Autor Data 12 de Junho de 1994 Secção Policiário [154] Competição Prova nº 5 Publicação Público |
UM CERTO MODO DE VIDA Xek Brit Nova Iorque, era sem dúvida, uma cidade estupenda, cheia de notícias,
emoções e crime. A ‘Lei Seca’ tinha
facultado a certos rapazes de miolos e iniciativa um sem-número de profissões
lucrativas. Havia de tudo: batoteiros, contrabandistas, pistoleiros, uma
série sem fim de ‘bons moços’ que da melhor maneira iam ganhando a sua vida. Carl Travis
era um homem bem parecido e bem vestido, trinta e
quatro anos de idade, ar atraente e inteligente. Tinha uma grande capacidade
para mandar, para fazer-se respeitar, e com grande habilidade para lidar com
a polícia; possuía também excepcionais condições de
trapacear, comprar, subornar, trair, roubar ou inventar qualquer expediente
quando não fosse possível trair, subornar ou comprar. O contrabando era a sua
principal actividade e há muito objecto
de cuidada investigação policial. Já estivera detido várias vezes por
suspeitas de envolvimento em diversos casos de roubo e agressão, mas sempre
conseguira, graças a amigos influentes e a um habilidoso advogado, oportunos
álibis que o livraram das consequências, mas não das suspeitas.
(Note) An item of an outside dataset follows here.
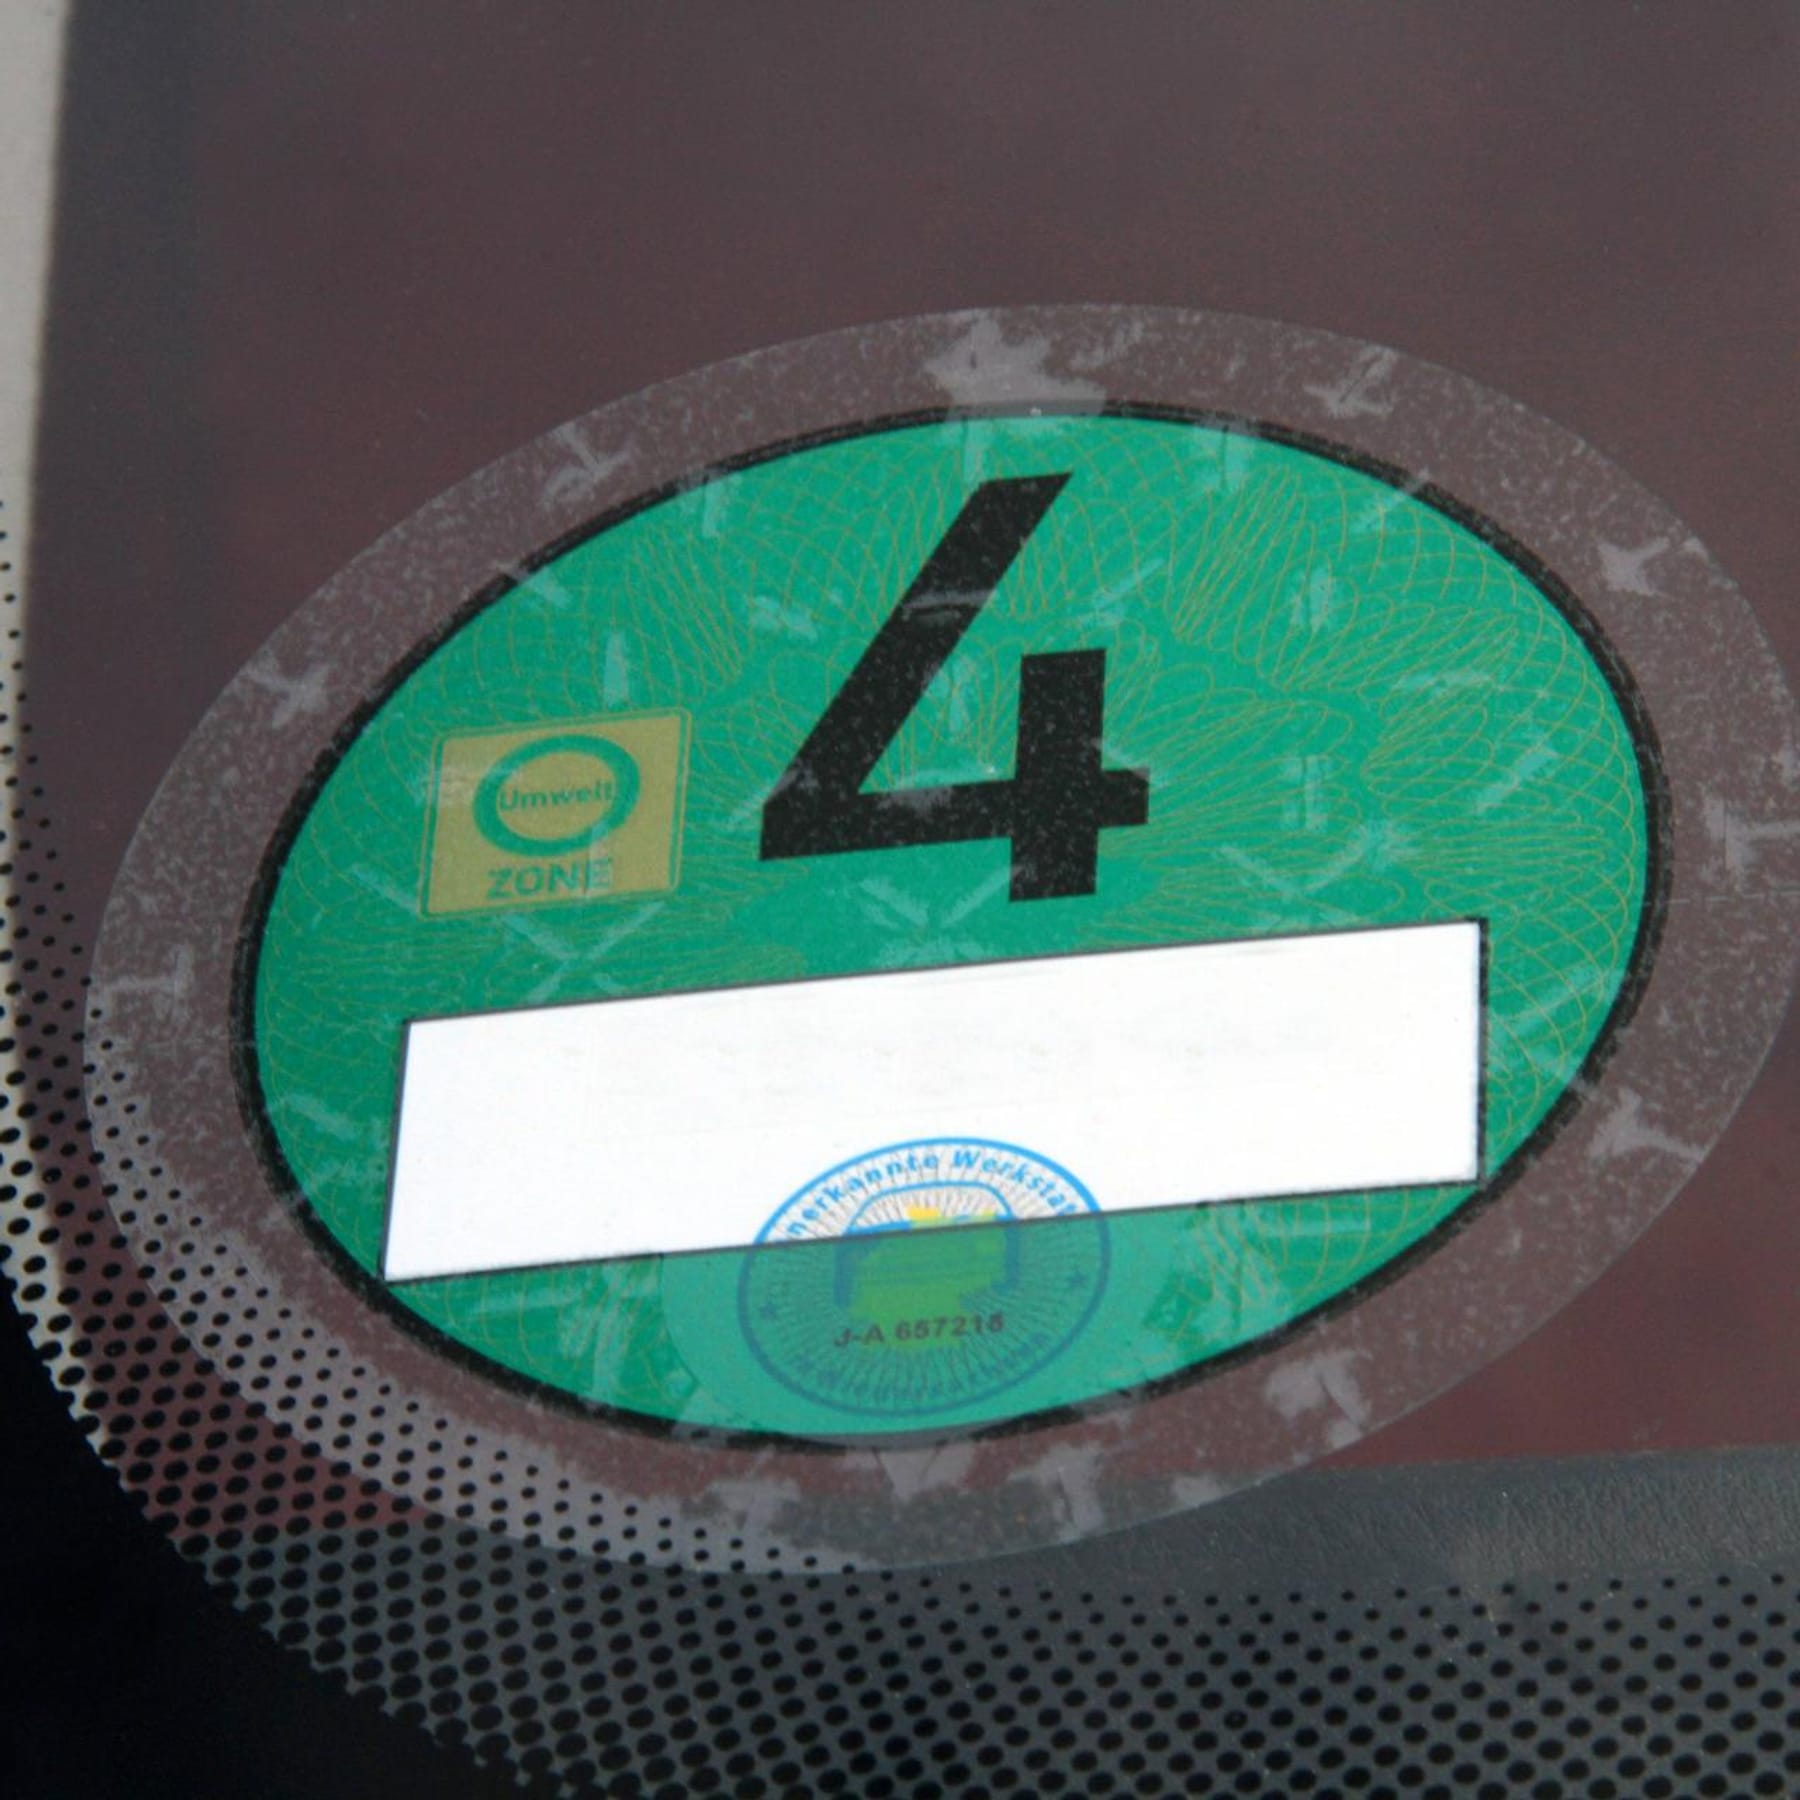 Grüne Plakette an Auto sorgt für Rätsel - warum fehlt ein Stück des  Aufklebers?

Algumas das vítimas,
indignadas com a impotência da lei, haviam proferido ameaças contra a vida deste
criminoso sem escrúpulos, que também não gozava da simpatia de alguns
parceiros de ‘modo de vida’ pertencentes a outros ‘gangs’. Era um dos principais
suspeitos de envolvimento num grande assalto e roubo de munições e armamento
de um depósito do Exército ocorrido há apenas dois dias e que ainda ontem
fora notícia de primeira página dos principais jornais do país. Também nos jornais de hoje Travis era notícia de primeira página, embora o grande
destaque fosse para o trágico acidente aéreo ocorrido na véspera em Lakehurst e também para as últimas reacções
oficiais de alguns países europeus à assinatura da Lei da Neutralidade pelo
Presidente Roosevelt. Carl Travis
fora encontrado morto no seu Ford, cerca das 23 horas do dia anterior, por um
polícia que fazia a ronda na zona das docas, um local quase sempre enevoado,
com fraca visibilidade e muito perigoso. A brigada de homicídios,
chefiada pelo tenente Mário Zamith, rapidamente
tomou conta do caso e interditou a área aos inoportunos e sempre curiosos
jornalistas. Através da janela parcialmente descida era possível observar a
vítima, sentada com a mão esquerda firme no volante e com a cabeça tombada
sobre o ombro direito; para além de um rosto pálido e inexpressivo
destacava-se um ferimento na região parietal caracterizado por um orifício de
bordos regulares e de caracterização dificultada pelo abundante cabelo
castanho da vítima; do outro lado, a janela estava totalmente descida e
permitia observar uma pistola junto à mão pendente e enluvada do morto e à
esquerda de um jornal, aberto na página onde se noticiava desenvolvidamente o
referido roubo do depósito de armamento; no chão, a outra luva e alguns
papéis amarrotados. Ao entrar no carro, pôde observar um outro orifício na
região zigomática, muito irregular e ligeiramente mais pequeno. Havia sangue
espalhado pelo vestuário e pelo banco do carro. O tenente deixou o automóvel
para que os seus peritos pudessem completar a investigação e chamou o guarda
que descobrira o morto para esclarecer alguns pormenores. Sentado na confortável
poltrona do seu gabinete, o tenente Zamith, após
ter analisado todos os elementos até essa altura disponíveis, continuava
intrigado com o cenário que encontrara no automóvel e aguardava novos dados
para poder avançar neste processo. O relatório médico-legal confirmava que a
morte fora determinada por um único dispam que atravessara o cérebro e
ocorrera entre as 22 e as 22h30. A balística não encontrara o projéctil mortal, mas confirmou ser aquela a arma que efectuara o disparo. Amostras de umas manchas
secas acastanhadas, encontradas no banco da frente, encobertas pelo jornal,
mostraram por efeito redutor hemocromogéneo
alcalino; também o sangue espalhado pelo assento e pela roupa da vítima era
de tipo AB RH positivo. Foram igualmente
encontrados debaixo do jornal pêlos de tonalidade
castanha que, depois de analisados, revelaram índice medular superior a 0,50.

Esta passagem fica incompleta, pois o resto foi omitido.